### Sorting isometric sprites on the GPU

I've been reworking much of the MUTA client for the first two months of 2019. One of the reworks has been to rendering, and amongst other changes to it, rendering now uses hardware sorting for sprites to draw 2D tiles from back to front.

Anyone who's put a little thought into isometric 2D games knows the draw order of tiles and objects is a little bit tricky. I love the isometric look and have worked on a bunch of isometric 2D game prototypes, but in all of them before this, I've done sprite sorting on the CPU. Not so this time.

Starting out, as any modern developer would, I searched the internet for the formula to correctly calculate each tile's depth based on it's position in the visible part of the map. Surprisingly, I didn't find it. Guess isometric 2D games aren't so hot anymore. Anyway, that's kind of the reason I'm making this post.

Here's a descriptive picture of the hypothetical area we are
rendering.

I first attempted to calculate the depth based on the tile's distance from the camera.

int area_height = 2;

for (int i = 0; i < area_width; ++i)

for (int j = 0; j < area_width; ++j)

for (int k = 0; k < area_height; ++k)

float z = (float)(i + j + k) / (float)(area_width + area_width + area_height);

This approach works fine if all objects are of the same height, that is, the
height of a single tile. But we run into problems when that isn't the
case.

Above, the character is being clipped by tiles that are higher than him on the
map when the tiles should actually be rendering behind him.

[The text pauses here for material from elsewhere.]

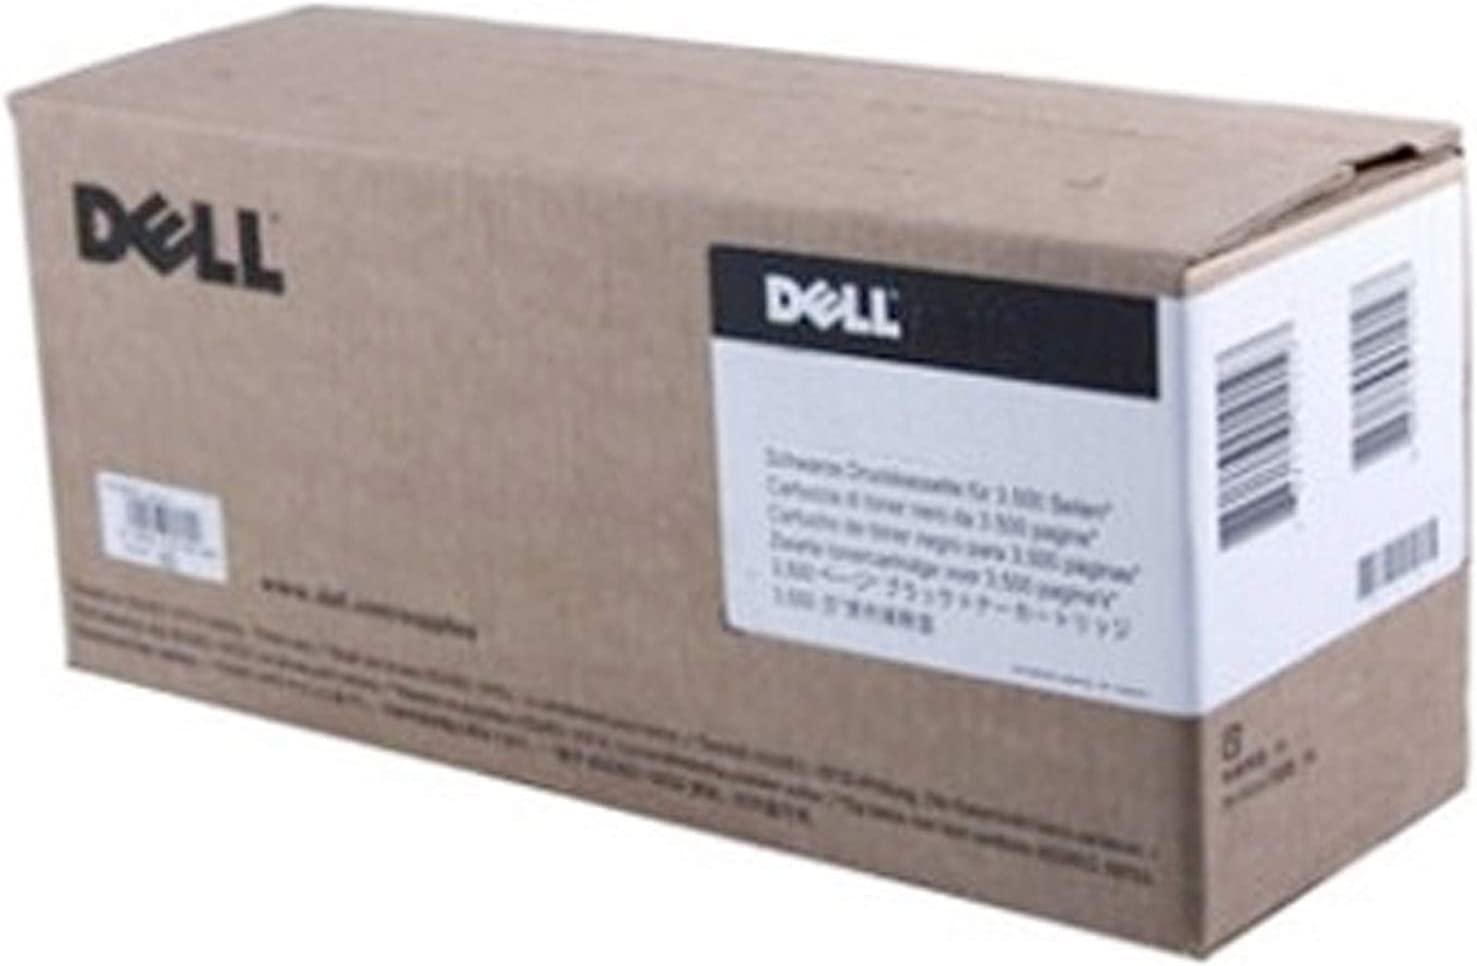 S2830 High Yield Black Toner Cartridge,

A different forumula does the job better.

int area_height = 2;

for (int i = 0; i < area_width; ++i)

for (int j = 0; j < area_width; ++j)

for (int k = 0; k < area_height; ++k) {

float row_max = (float)(i + j + 2) / (float)(area_width + area_width);

float row_base = (float)(i + j) / (float)(area_width + area_width);

float row_diff = row_max - row_base;

float z = row_base + row_diff * ((float)k / (float)area_height);

}

And the result looks like follows.

The idea is that since the z value must be between zero and 1, we need a maximum value. The render order we need is that the closer to the camera a "pillar" of tiles is (a pillar being a stack area_height of tiles at an x-y coordinate), the later it gets rendered. How ever, we also need to have depth values for the individual tiles that constitute a pillar so that the higher a tile is, the later it gets rendered. So, we have to find the depth value of the highest tile in the pillar and gradually increase each tile's depth value, coming from bottom to top, until we reach that maximum.

Anyway, thought I'd throw that out there.